Дождь прекратился, хотя небо бурлило темными клубами, что неслись и неслись куда-то в сторону Масличной горы, и дальше, за перевал, к Мертвому морю...
В любую минуту дождь мог припустить с новой силой.
– Я провожу вас до отеля, – сказала я.
– Нет-нет, ни в коем случае! – Она опять улыбнулась немного клоунской своей улыбкой: морщинистый седой мальчик, если без шляпки. Шляпку держала в руке, та не успела высохнуть. – Наоборот, это я провожу вас к авто и помогу вывести его со стоянки...
Взглянула на мое смущенное благодарностью лицо и с жаром воскликнула:
– Вы будете легко, азартно водить, помяните мое слово! В вас робости нет. Первый день за рулем – и наклюкалась, как свинья! Вы замечательно будете водить!

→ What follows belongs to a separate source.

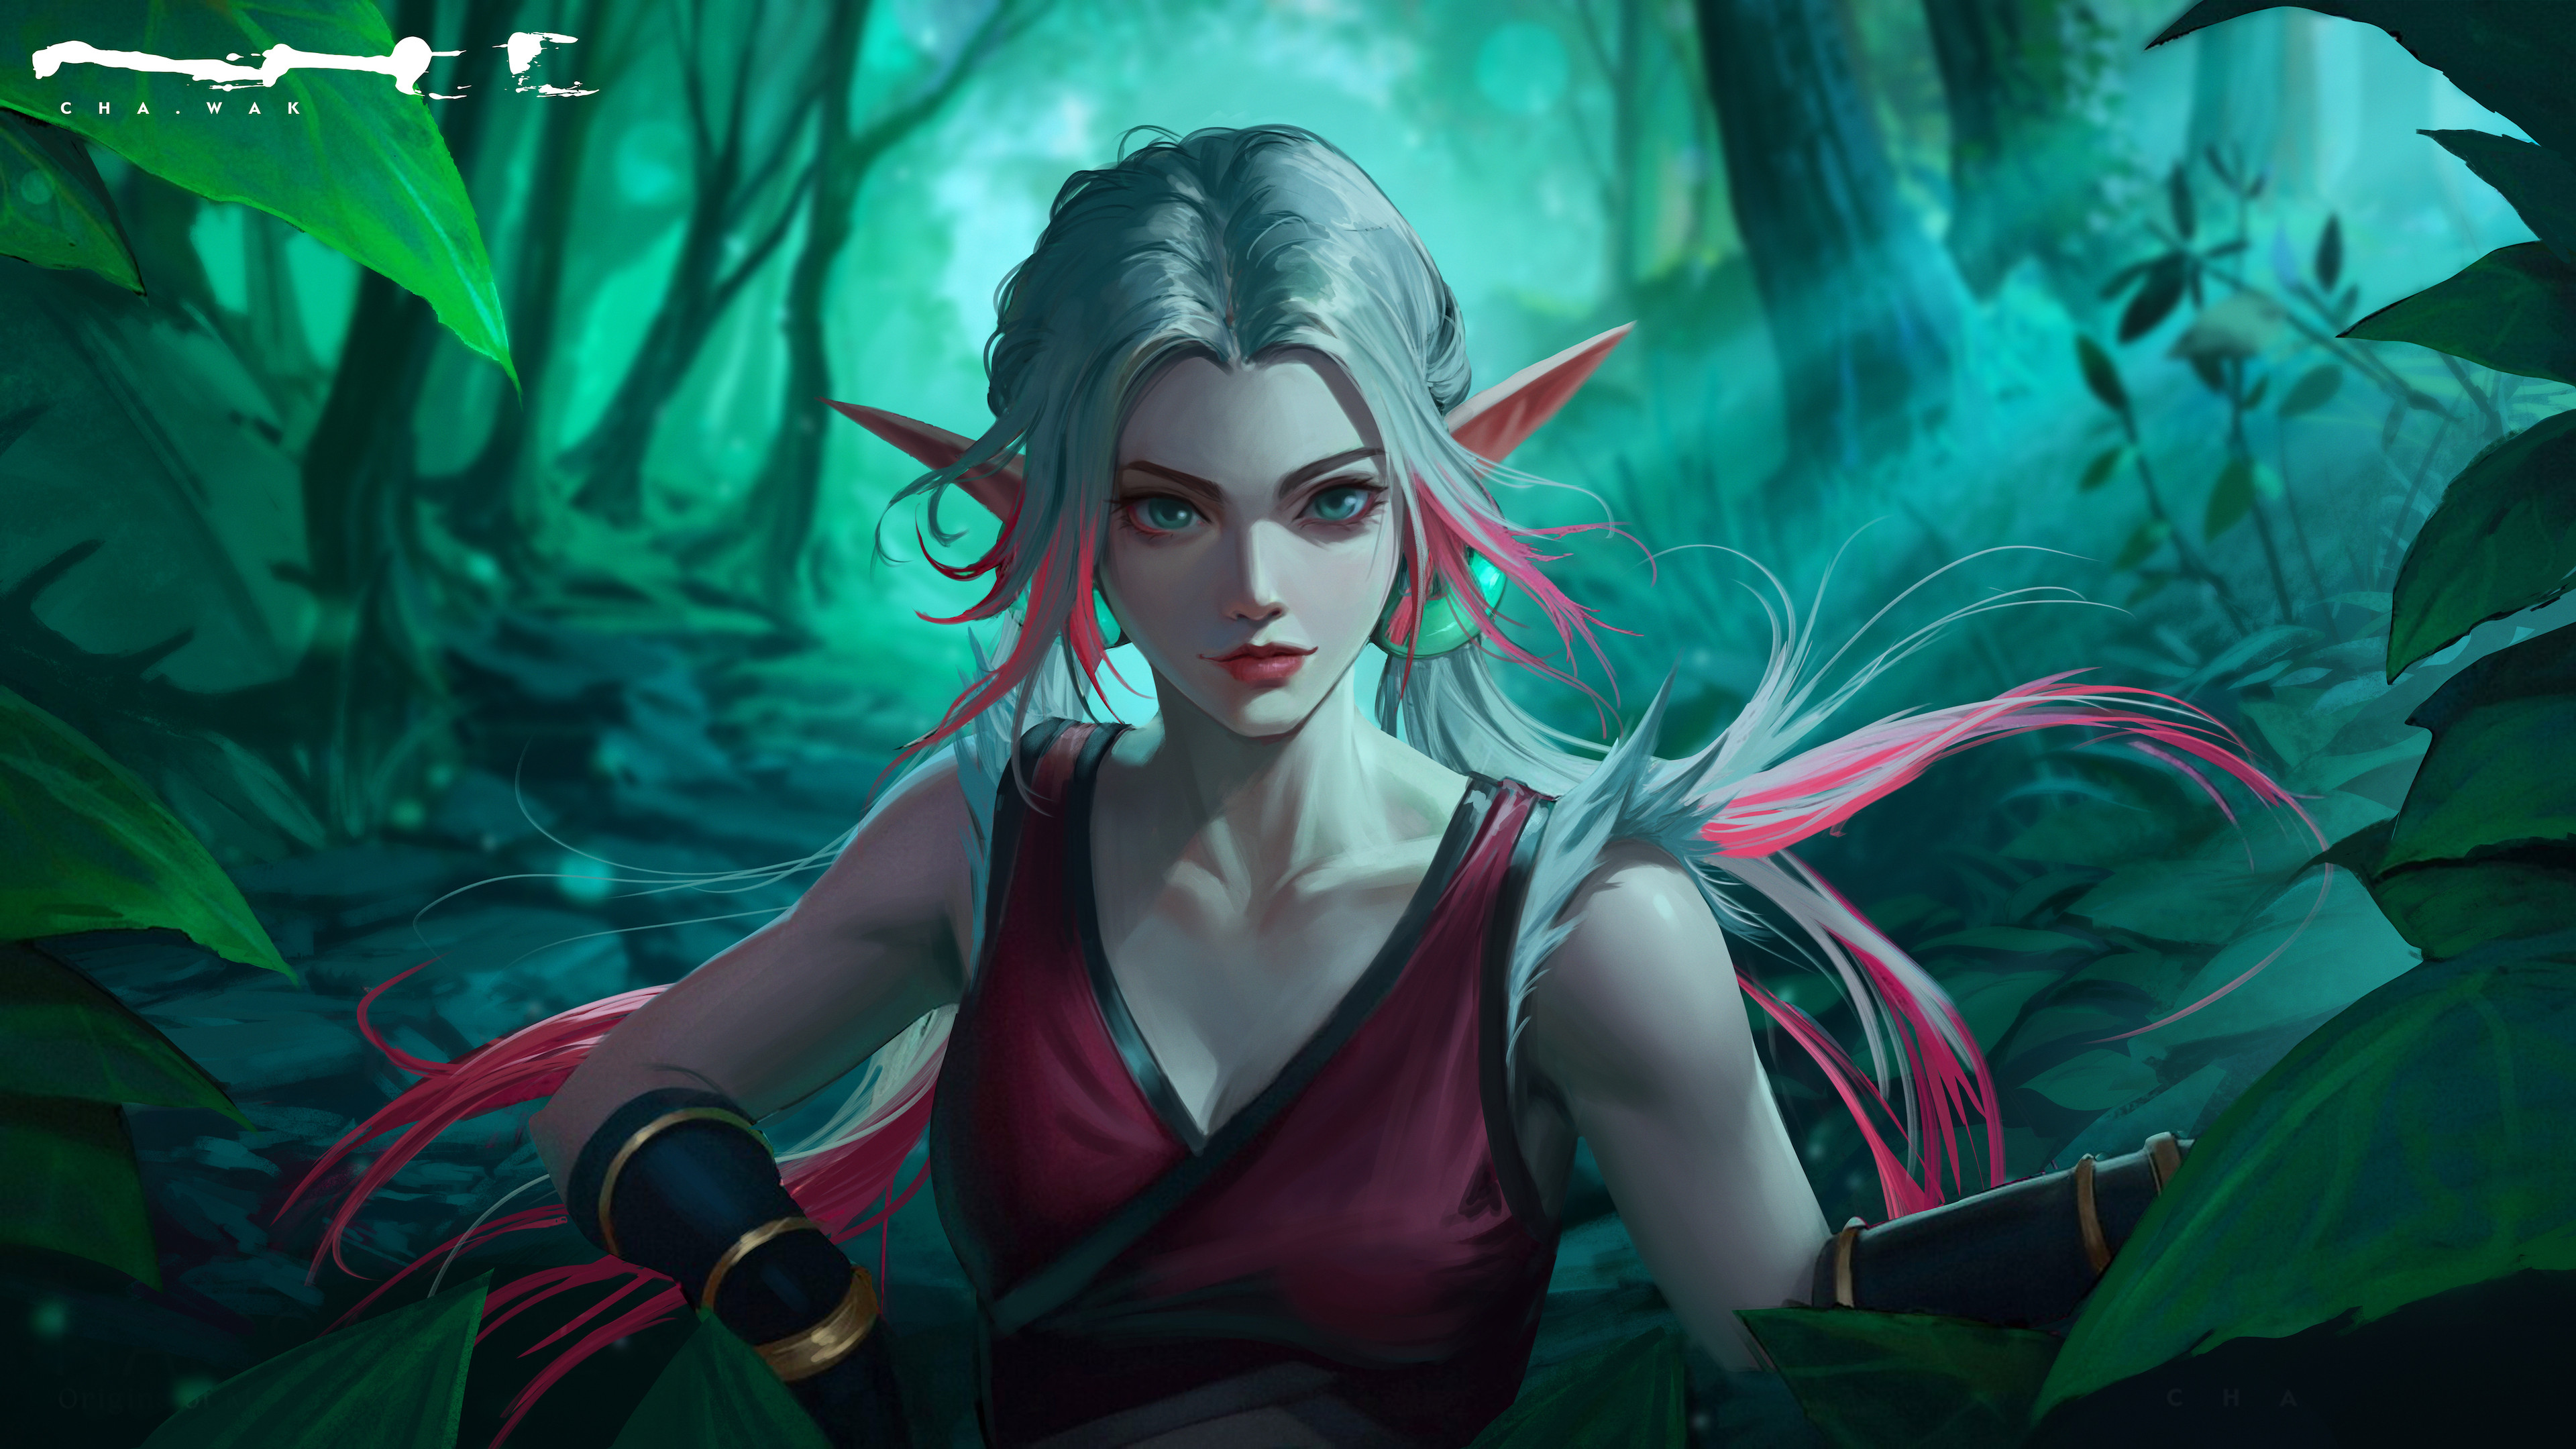 Digital Art Artwork Illustration Women Fantasy Art Fantasy Girl Pointy Ears Long Hair Forest 4K Natu 3840x2160

Дорогая Ирина Ефремовна! Вы, конечно, меня не помните – представляю, какая лавина судеб и лиц обрушивается на Вас в течение года... Сколько туристов, школьников, репатриантов, политиков, гостей... А ведь Вы работаете в «Яд ва-Шем» много лет, если не ошибаюсь? Поэтому даже и не важно, помните ли Вы очередную посетительницу, которая полгода назад явилась в музей, к тому же, не по своей надобности, а по просьбе соседки, чья семья погибла вся в Рижском гетто. Узнав, что мы едем отдыхать в Эйлат и неделю пробудем у родственников в Иерусалиме, она просила обязательно пойти в «Яд ва-Шем» и заполнить стандартные анкеты на погибших ее родных. Что я и сделала.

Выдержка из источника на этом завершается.